Ma tra gli altri c’è un nipote, figlio di un politico
professionista e candidato a primo ministro che, avendo scoperto il
fatto, non vuole saperne di proseguire la sua carriera con una mina
pronta a esplodere da un momento con l’altro. La “cena”
convocata per l’occasione in un ristorante di lusso diventa un
consiglio di guerra famigliare per decidere cosa e come fare.
Nell’atmosfera misurata e controllata del raffinato convivio,
cresce una livida ambiguità trasformando La cena in un
clamoroso punto di domanda: l’imprevedibile che può pregiudicare
il destino e travolgere carriere, abitudini, posizioni nasce proprio
nell’alveo della famiglia e ancora prima di immaginare una via
d’uscita, i commensali si chiedono come è stato possibile, cosa
hanno già perso, più di ciò che potrebbero perdere. Il romanzo è
solido e trascinante, anche se la scrittura è abbastanza diseguale.

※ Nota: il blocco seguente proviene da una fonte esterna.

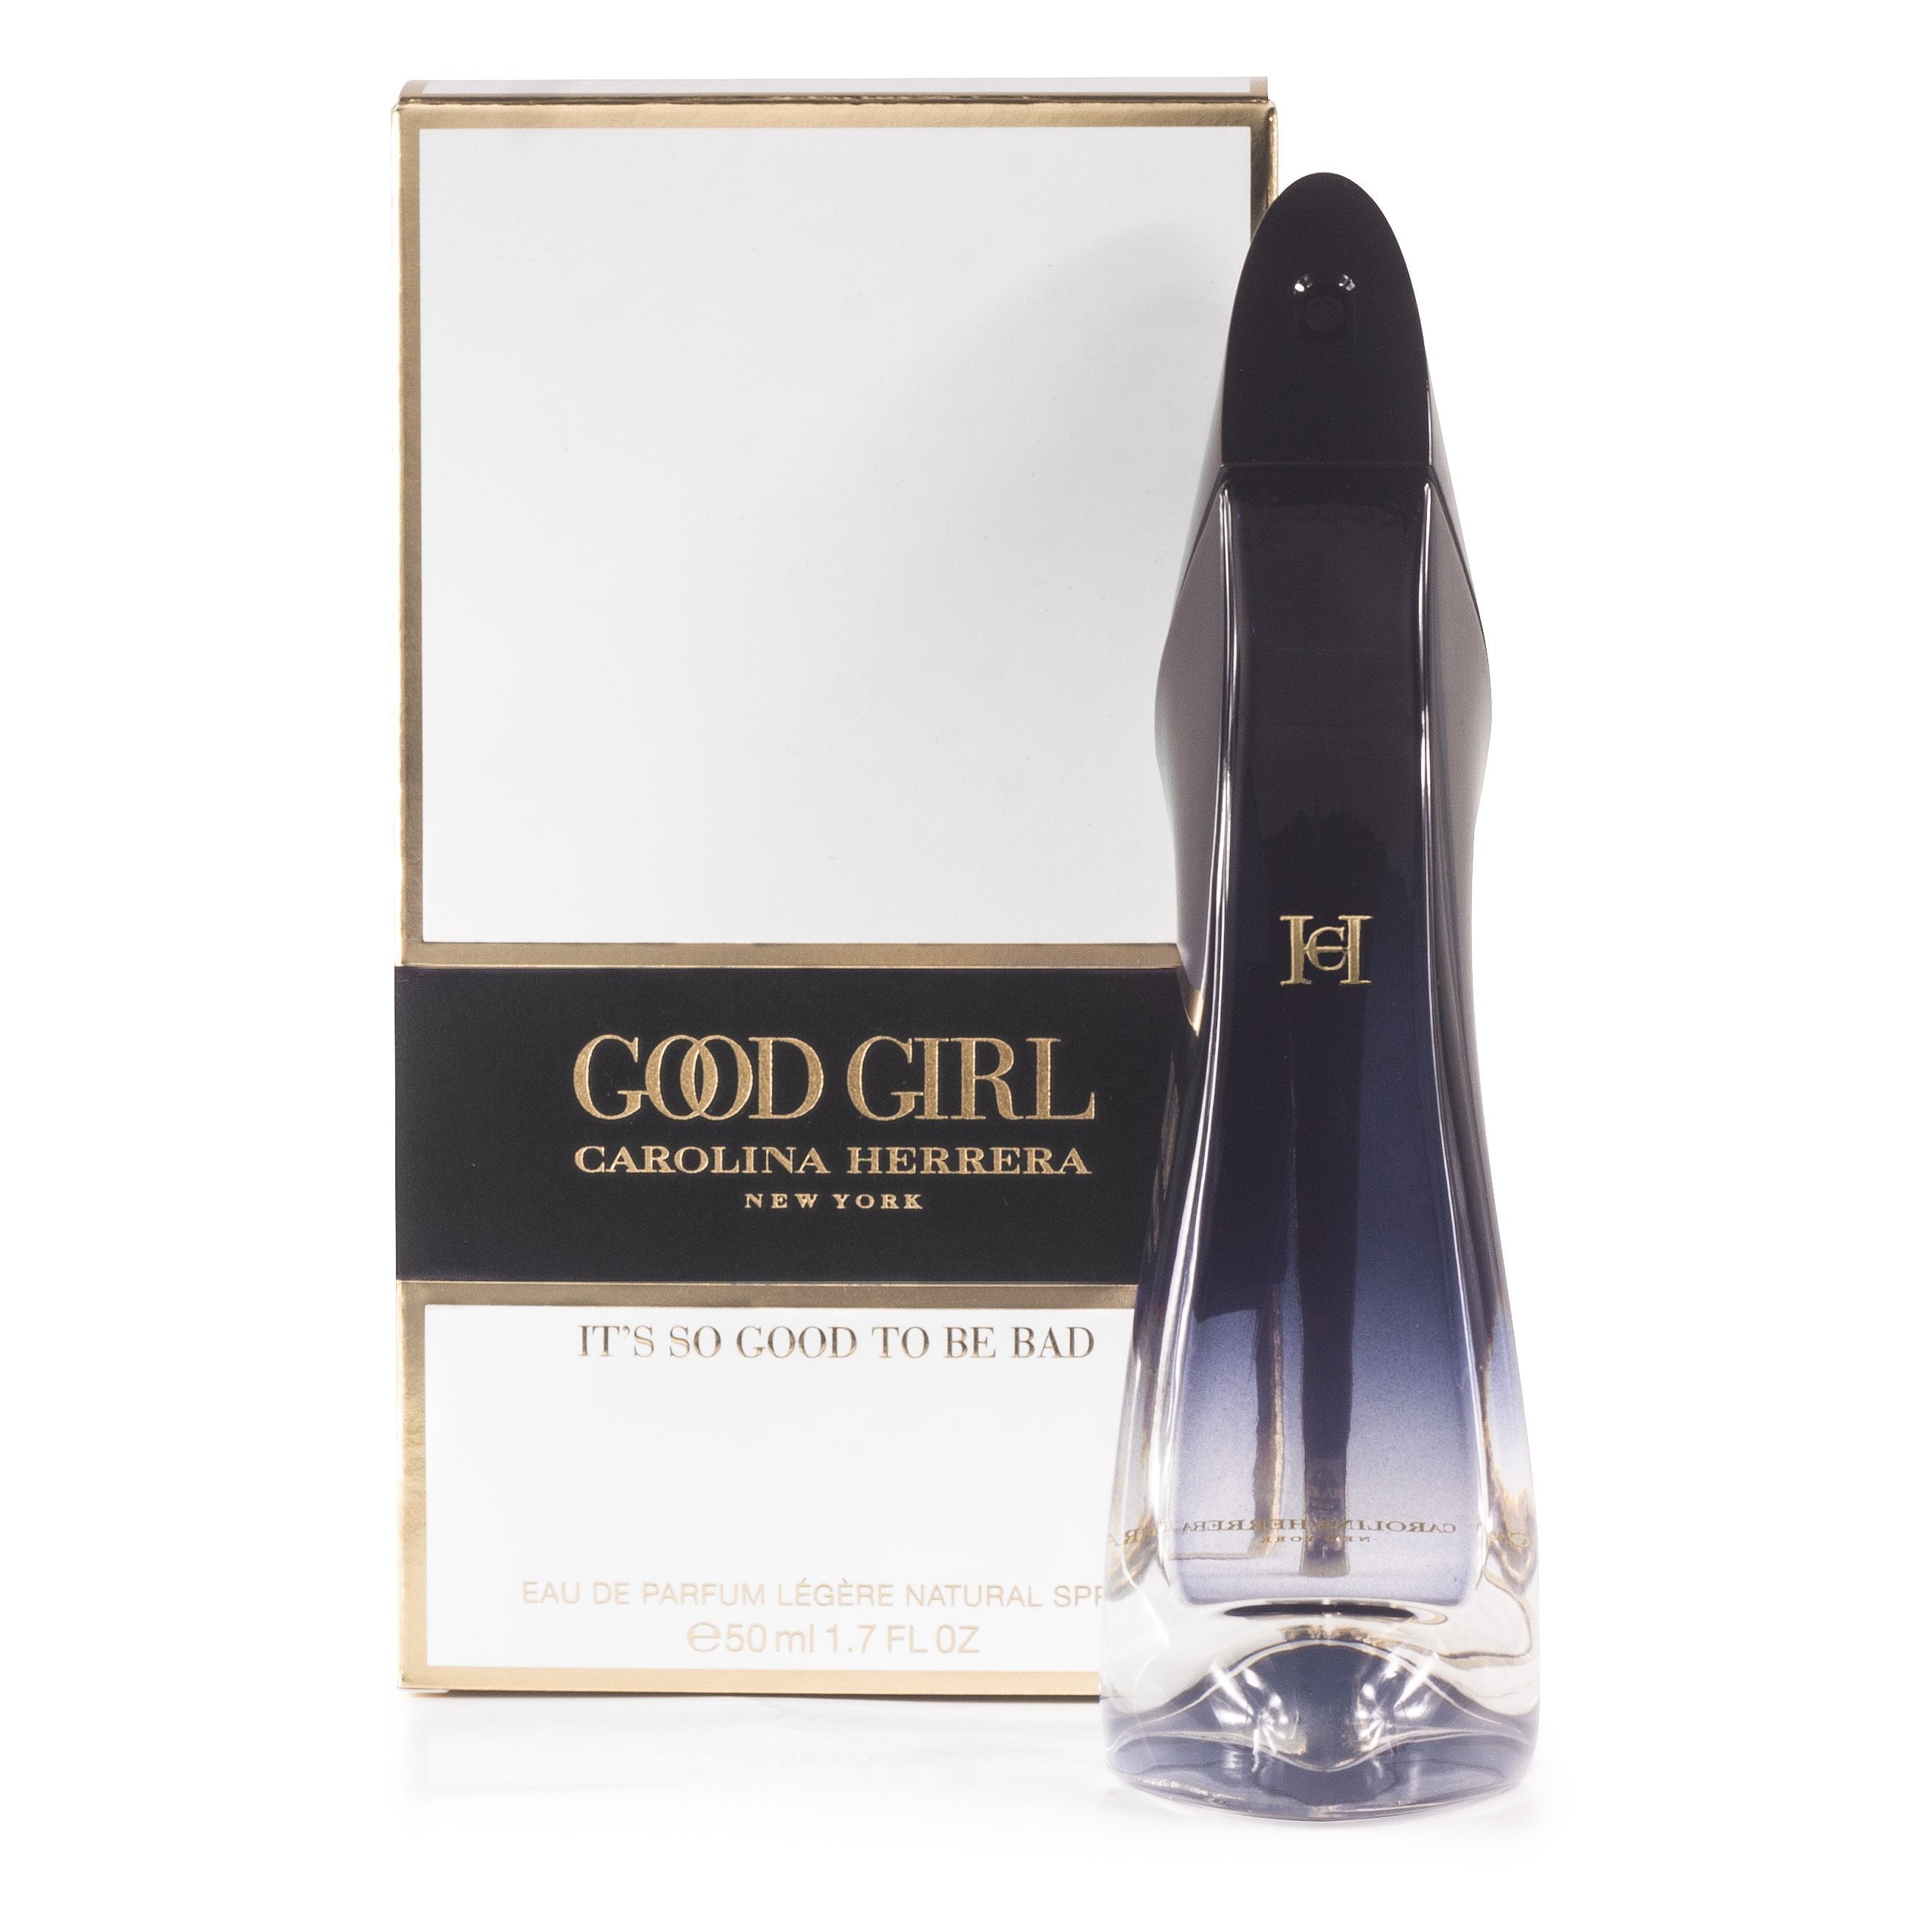 Carolina Herrera Good Girl Eau de Parfum Legere Spray 1.7 oz

In alcuni passaggi è molto lirica, altrove riflette il passato di
autore televisivo di Herman Koch, tradendo un insolito affetto per le
immagini e per il loro dettaglio. Colpiscono i passaggi in cui il
lettore viene proiettato sul tavolo, dentro il menù, nel fuoco amico
della discussione e poi fuori, come se fosse uno spettatore degli
eventi. “Potevo scegliere fra due alternative: rimanere a guardare
dalla finestra o confondermi nella folla. Avrei potuto fare finta di
avere una destinazione anch’io”: la considerazione di uno dei
protagonisti della “cena” vale anche per il lettore. Una serie di
cambi di prospettiva che permette al romanzo di mantenere la tensione
di un thriller dall’inizio alla fine. Solo che qui non c’è alcun
mistero sui colpevoli (sono noti fin dall’inizio i responsabili
dell’omicidio), sui moventi o sulle motivazioni, peraltro piuttosto
evanescenti. C’è una grande pressione, a tratti palpabile nei
momenti più feroci della “cena”, in attesa di risposte che, in
effetti, non arrivano. O meglio, diventano chiare una volta imboccata
la ripida discesa del finale, a suo modo è una rivelazione, che
lascia aperte al lettore tutte le possibilità narrative. Mettendolo
in un vicolo cieco dal punto di vista morale: cosa è giusto, cosa è
sbagliato, in questa inquietudine moderna, viene deciso a tavola,
dove quattro persone sono costrette a confrontarsi con una drammatica
scelta (come difendere i figli senza tradire i propri valori) e a
discuterne tra una portata e l’altra con la soluzione (se si può
parlare di soluzione) che arriva insieme a un enorme conto da pagare.
La violenza, endemica e mimetizzata all’interno della stessa
cerchia famigliare, si rivela, ancora una volta, e fino in fondo,
un’opportunità perché “da qualche parte sarebbe rimasta una
cicatrice, ma una cicatrice non impedisce di essere felici”. Fa
pensare.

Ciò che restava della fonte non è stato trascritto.